(MATERIAL PROVIDED Opens)

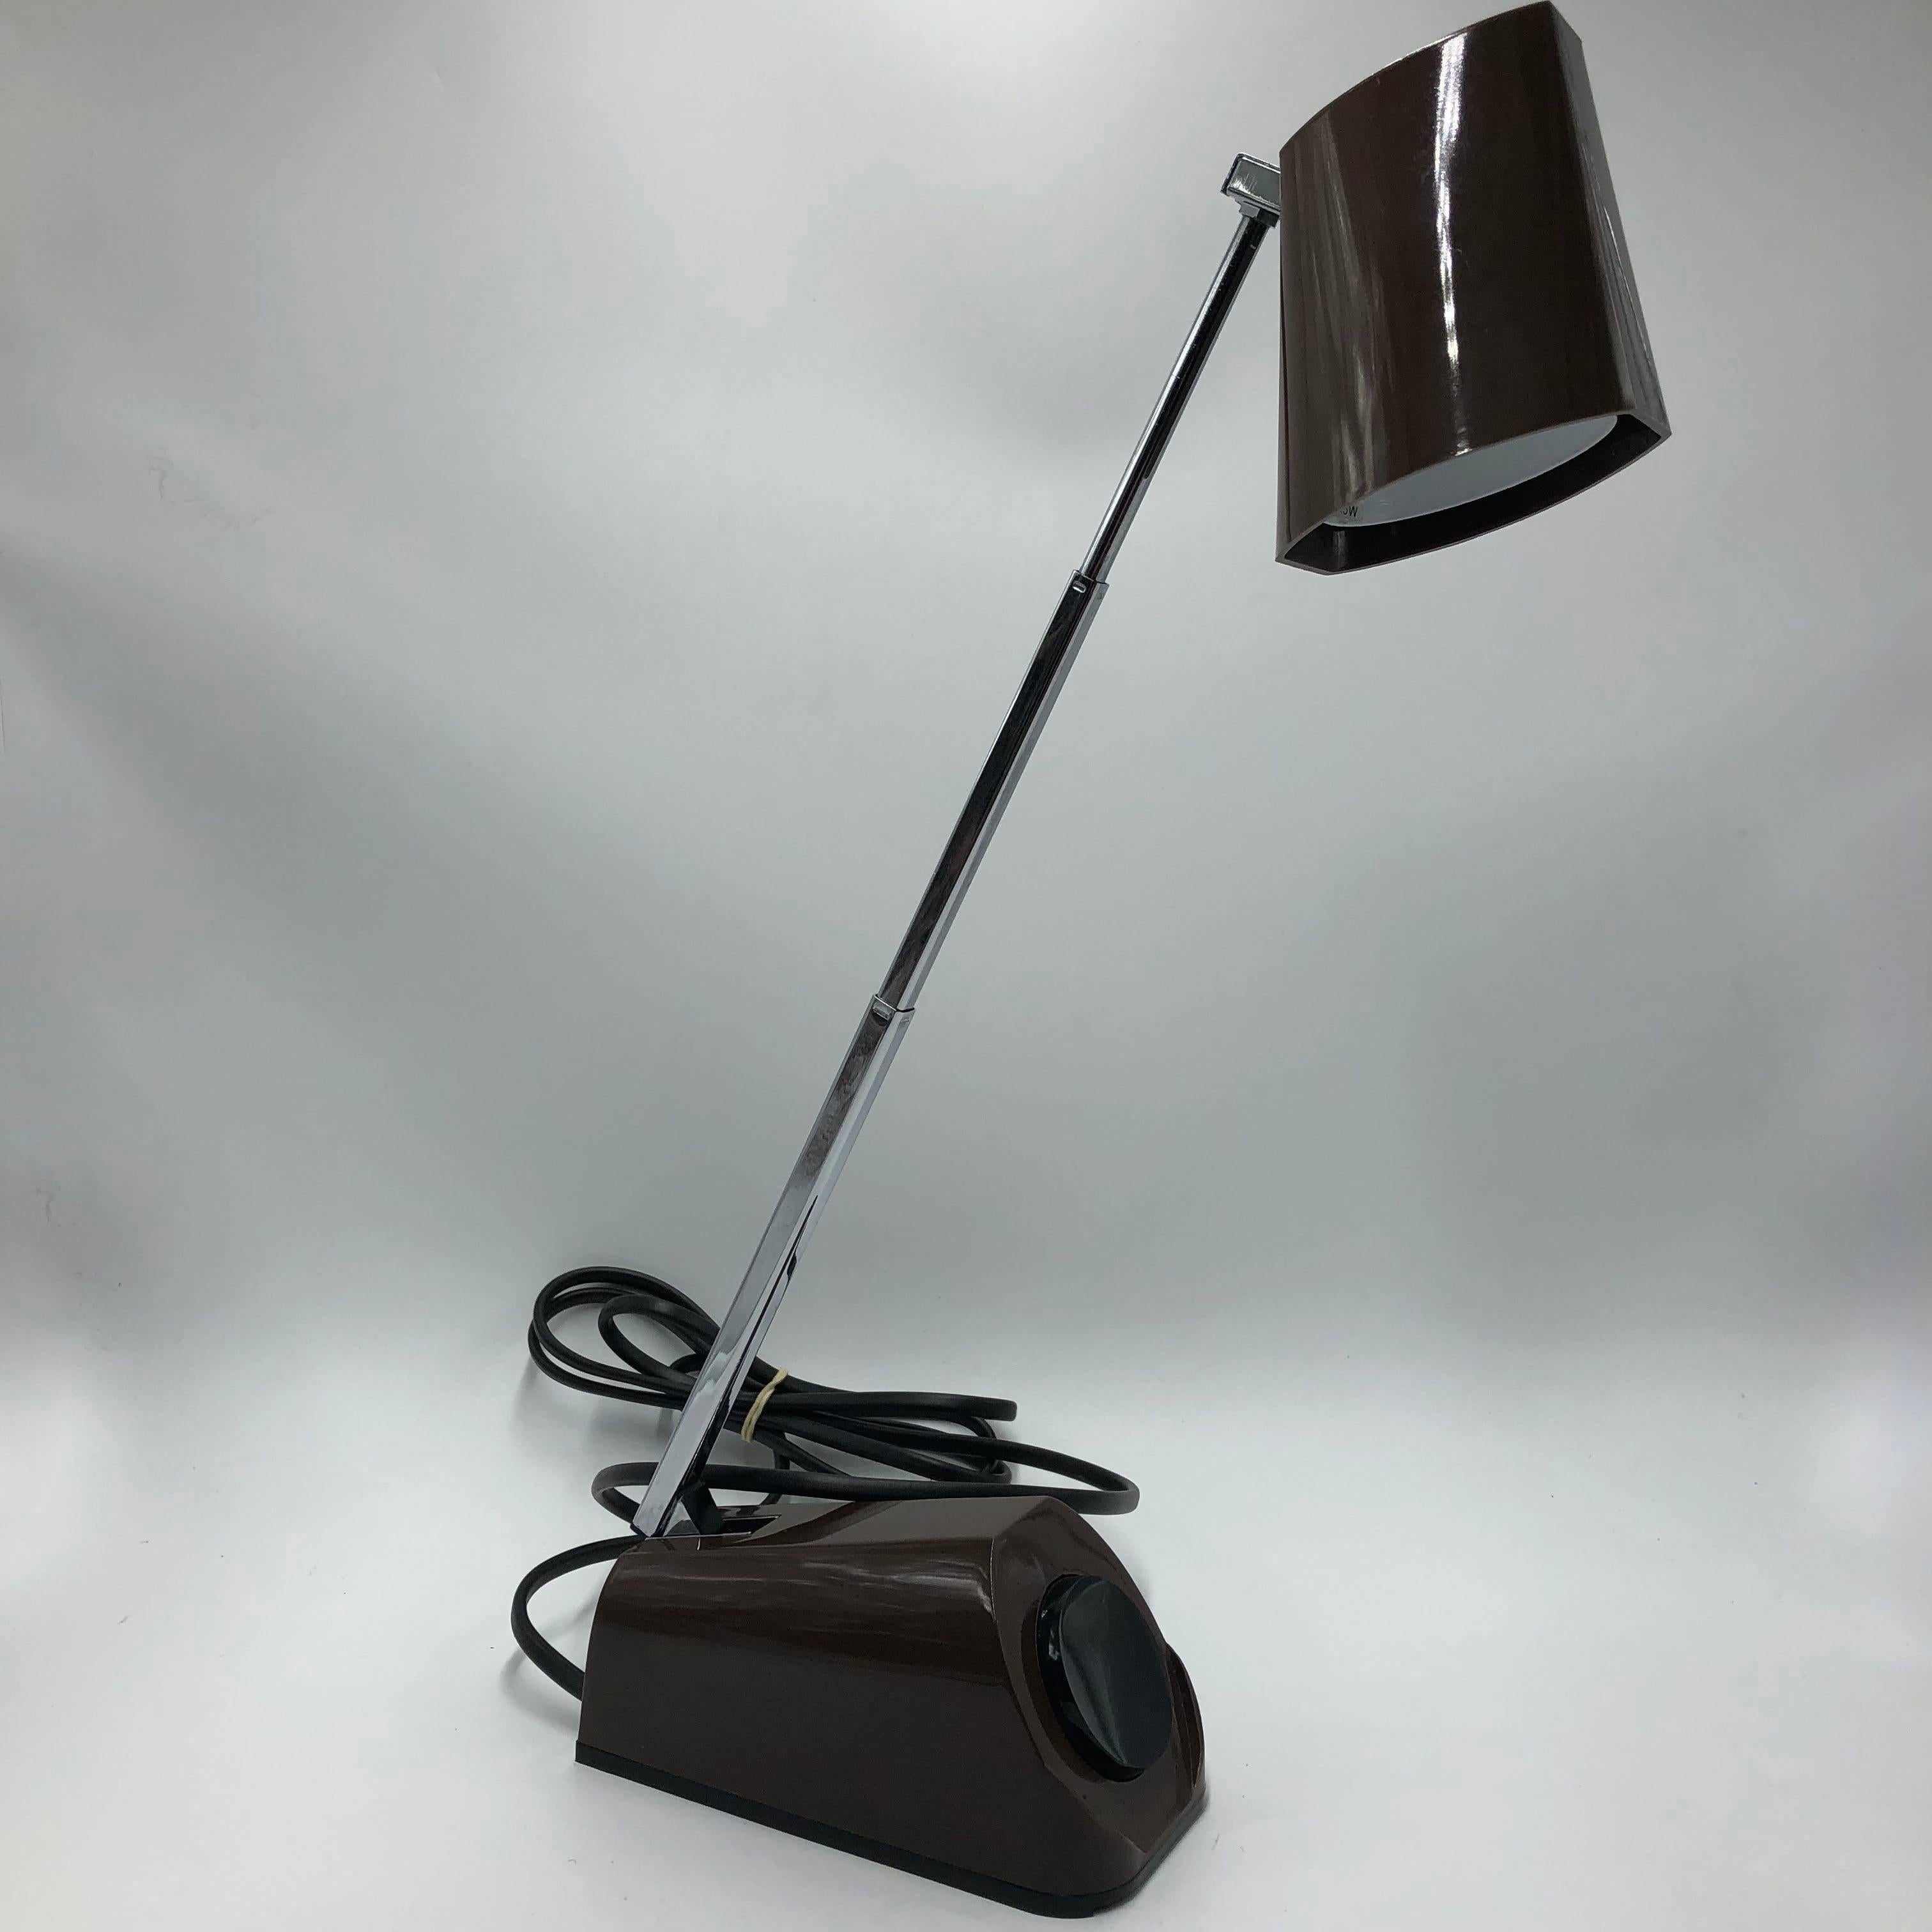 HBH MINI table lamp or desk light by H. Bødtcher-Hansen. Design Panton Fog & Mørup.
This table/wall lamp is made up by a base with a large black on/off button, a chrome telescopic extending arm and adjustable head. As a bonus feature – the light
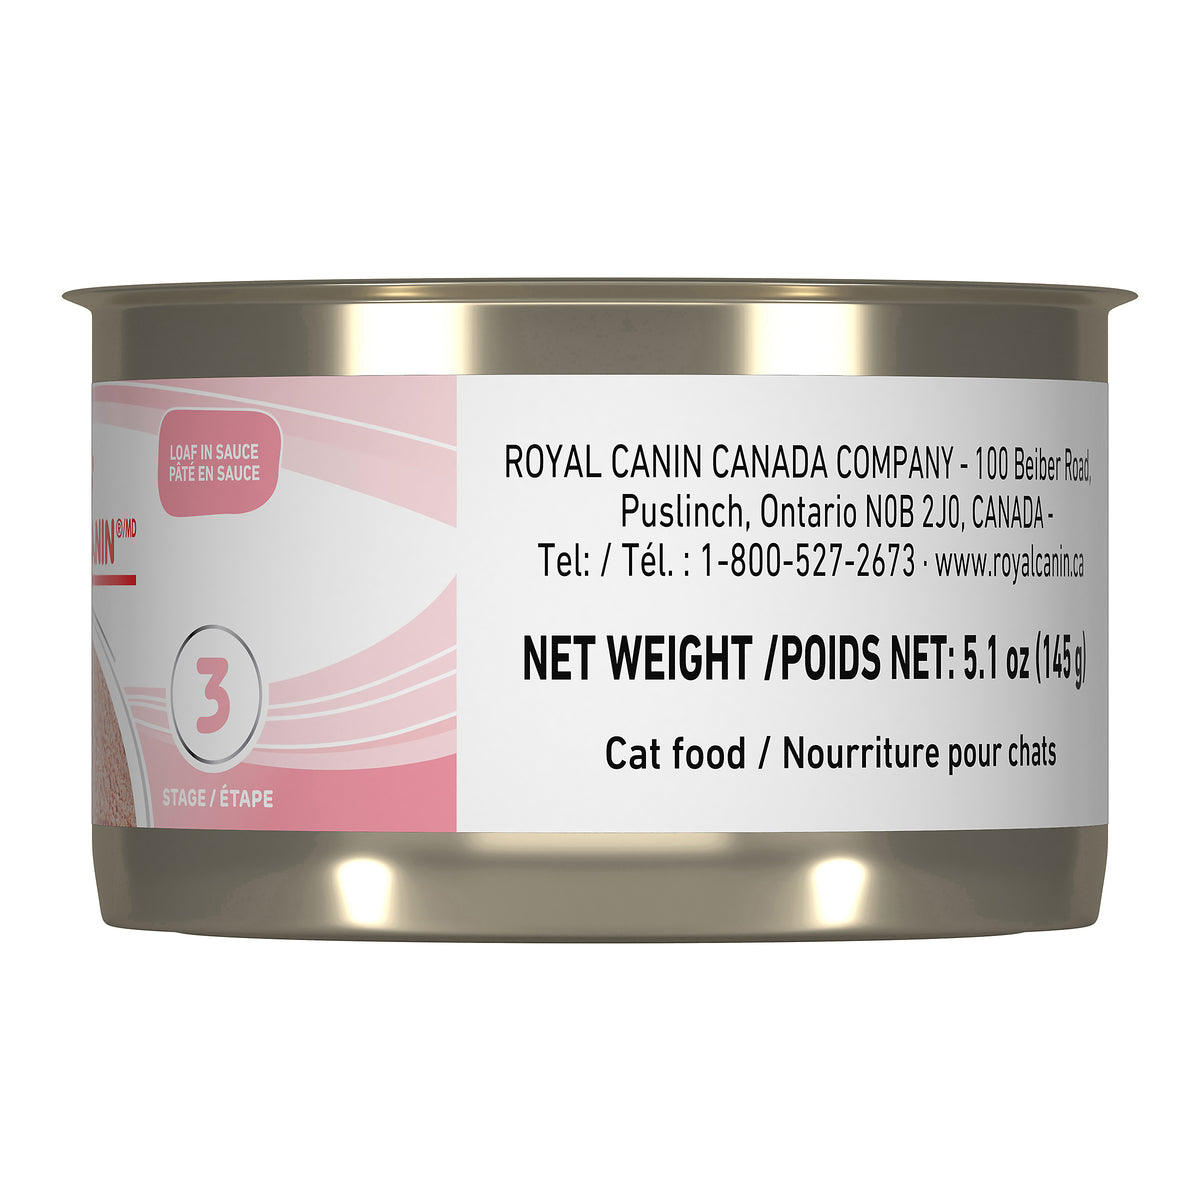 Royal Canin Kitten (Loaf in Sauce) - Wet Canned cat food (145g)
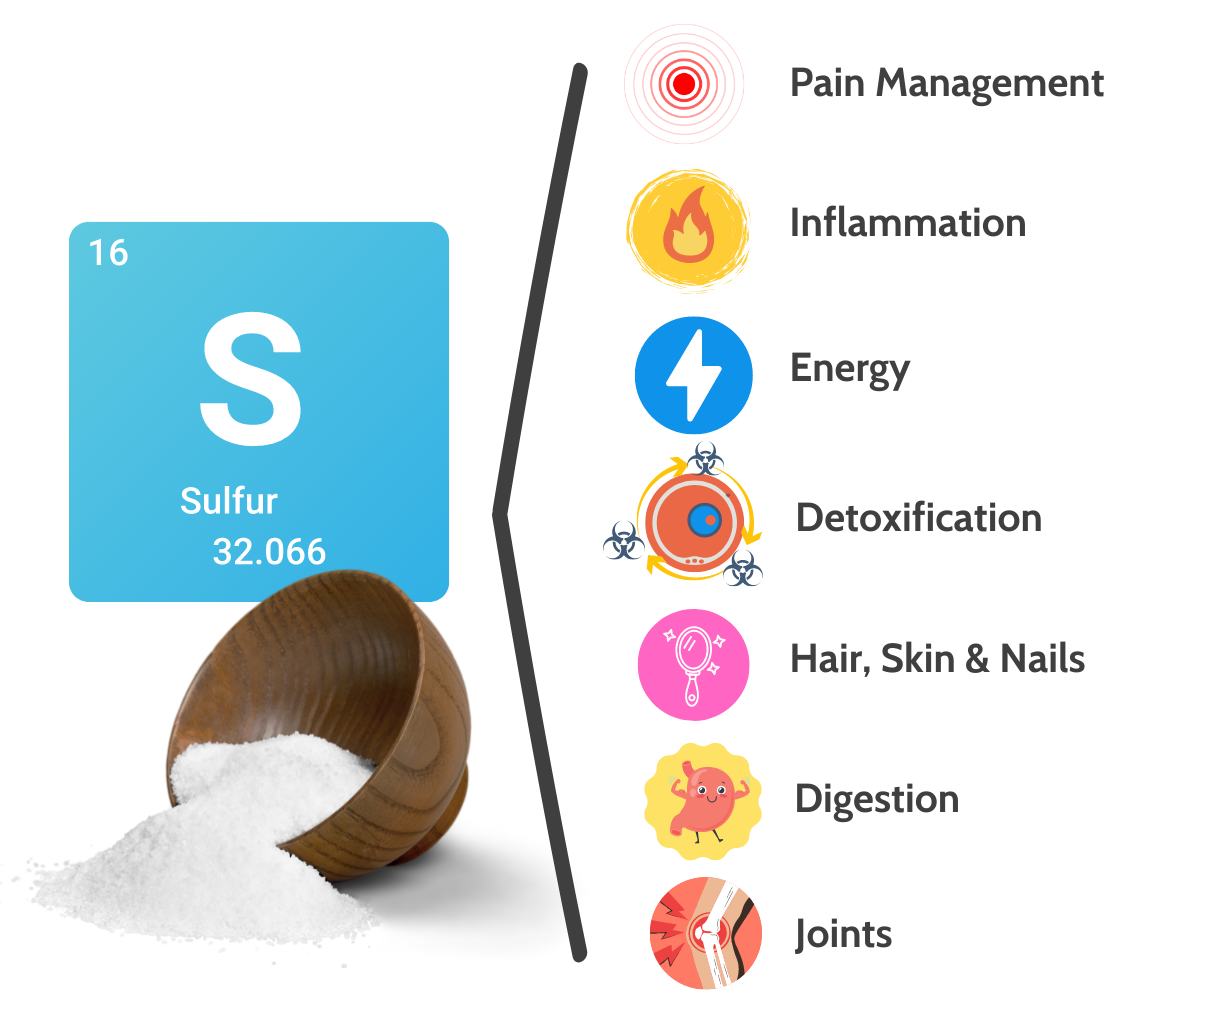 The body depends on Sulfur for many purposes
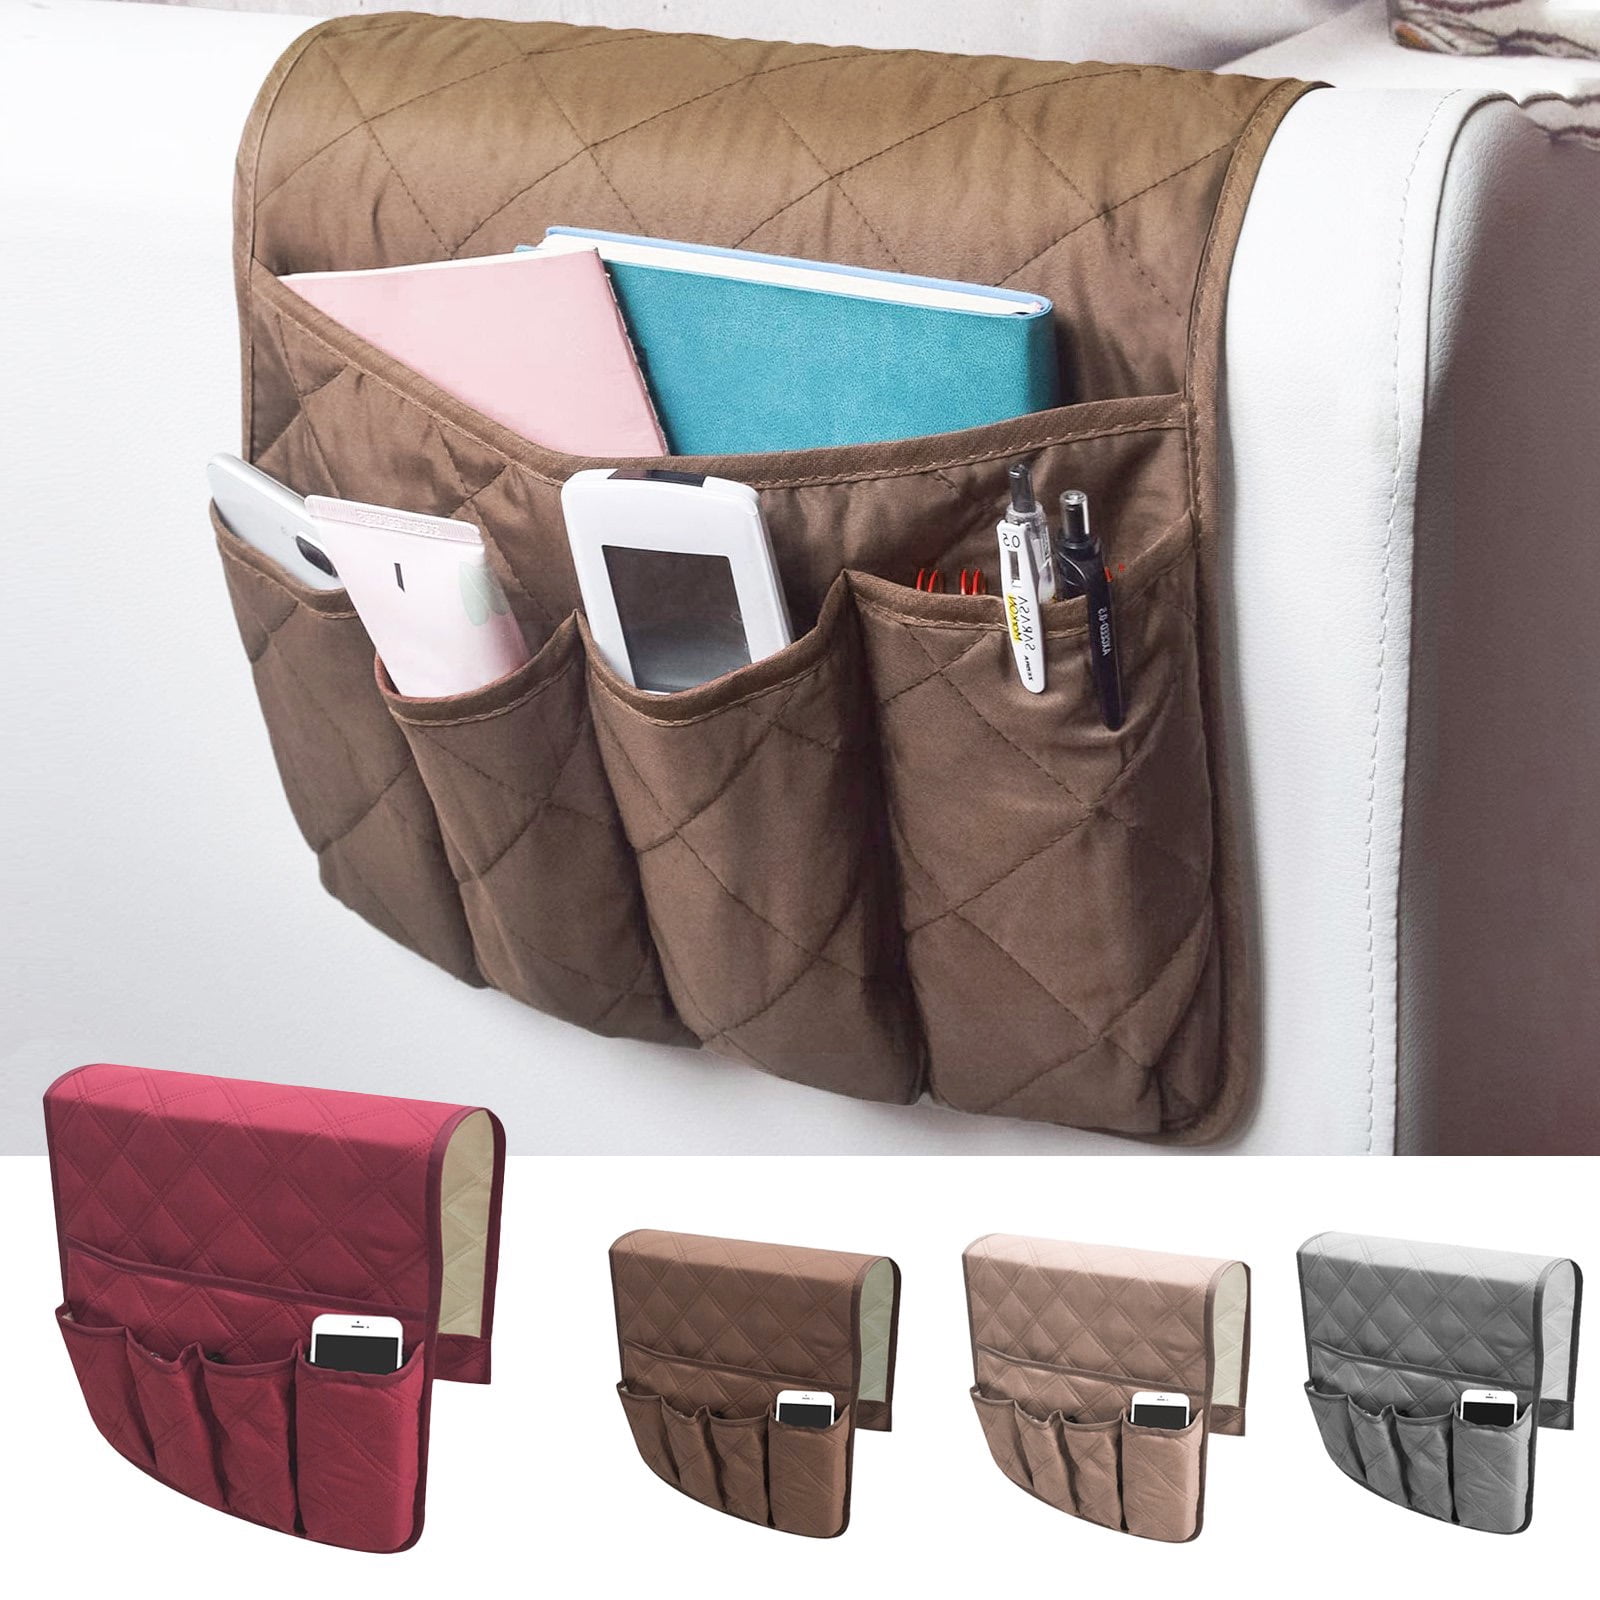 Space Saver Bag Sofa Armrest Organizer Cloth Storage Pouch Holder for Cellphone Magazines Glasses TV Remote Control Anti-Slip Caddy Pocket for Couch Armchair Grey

(MATERIAL PROVIDED Closes)

• [ACTIVITY] Copy all the lines of data exactly as they appear, dropping any images.

• [EXPECTED ANSWER]
 HBH MINI table lamp or desk light by H. Bødtcher-Hansen. Design Panton Fog & Mørup.
This table/wall lamp is made up by a base with a large black on/off button, a chrome telescopic extending arm and adjustable head. As a bonus feature – the light
 Royal Canin Kitten (Loaf in Sauce) - Wet Canned cat food (145g)
 The body depends on Sulfur for many purposes
 Space Saver Bag Sofa Armrest Organizer Cloth Storage Pouch Holder for Cellphone Magazines Glasses TV Remote Control Anti-Slip Caddy Pocket for Couch Armchair Grey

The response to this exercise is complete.